First, the absence of replicable associations with MDD in ancestrally diverse populations precluded more pointed comparisons of specific genetic effects.

Our attempts to reduce the heterogeneity of MDD, namely by focusing on two particular subtypes of illness, should be regarded as preliminary. Furthermore, questions pertaining to both screening and ascertainment of controls were not addressed in the current study, and could have reduced our power to detect relevant variation. We expect that with larger sample sizes, future studies will be sufficiently powered to address these issues.

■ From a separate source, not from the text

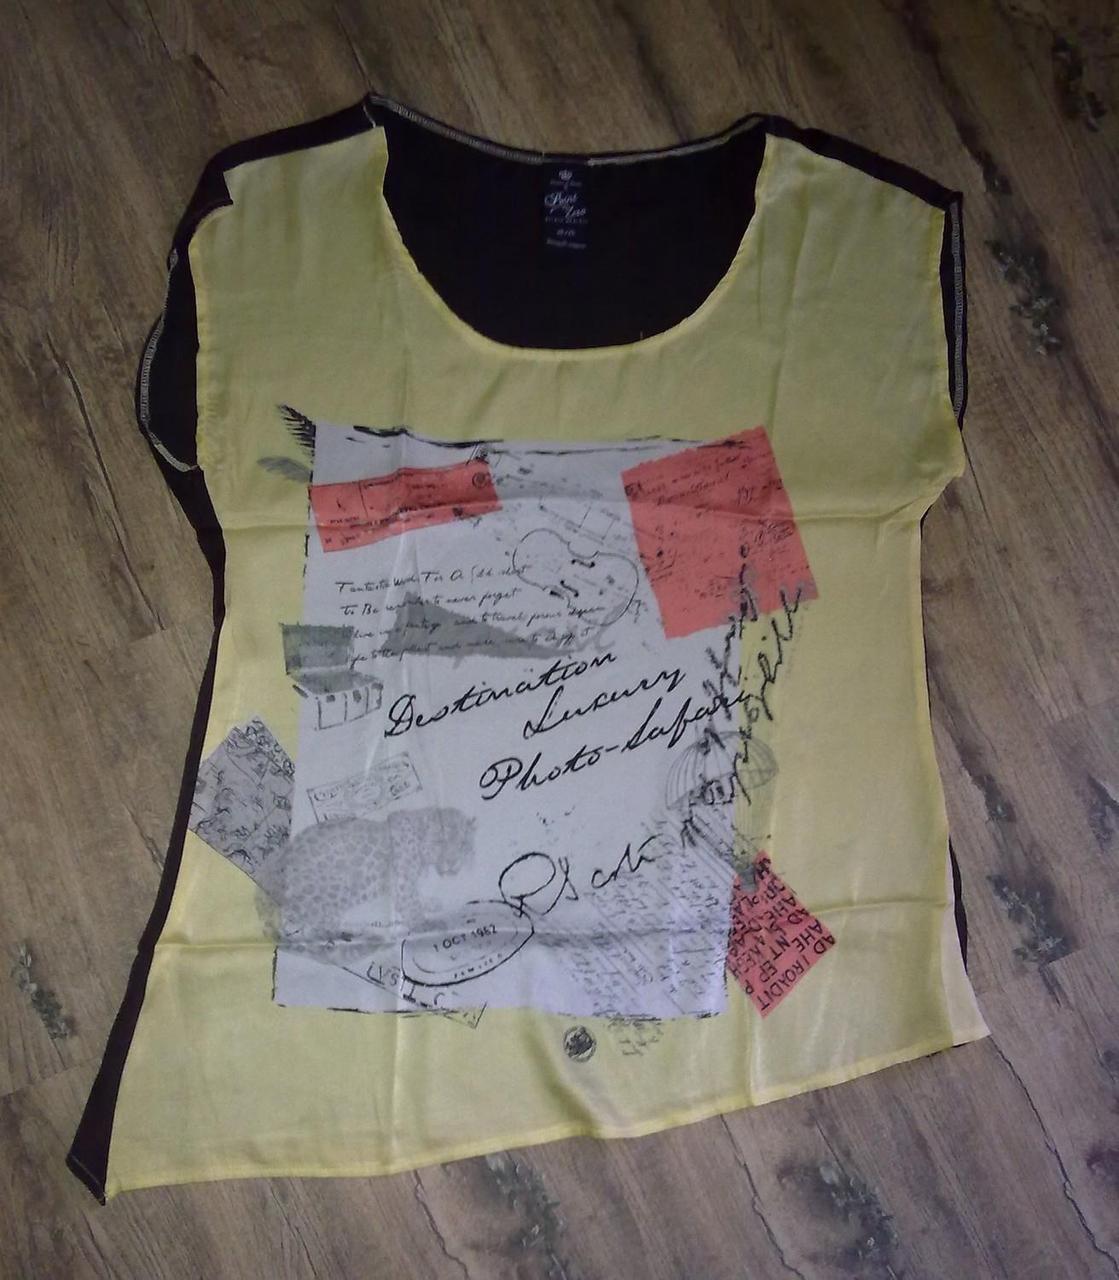 Сатиновая блузка канадского бренда Point Zero

Finally, by having conducted multiple separate analyses for females-only and recurrent MDD, we increased the multiple-testing burden. As these do not represent completely independent analyses, we have not corrected exhaustively for the total number of tests performed.

Conclusions

We have demonstrated a common polygenic basis of MDD that is partially shared between European and Han Chinese populations. Importantly, our findings appear to reinforce the idea that subtyping of MDD may yield additional insight into its etiology.40 Striking an advantageous balance between phenotypically more homogeneous definitions of illness and sample size represents an ongoing and nuanced challenge for genetic studies of MDD.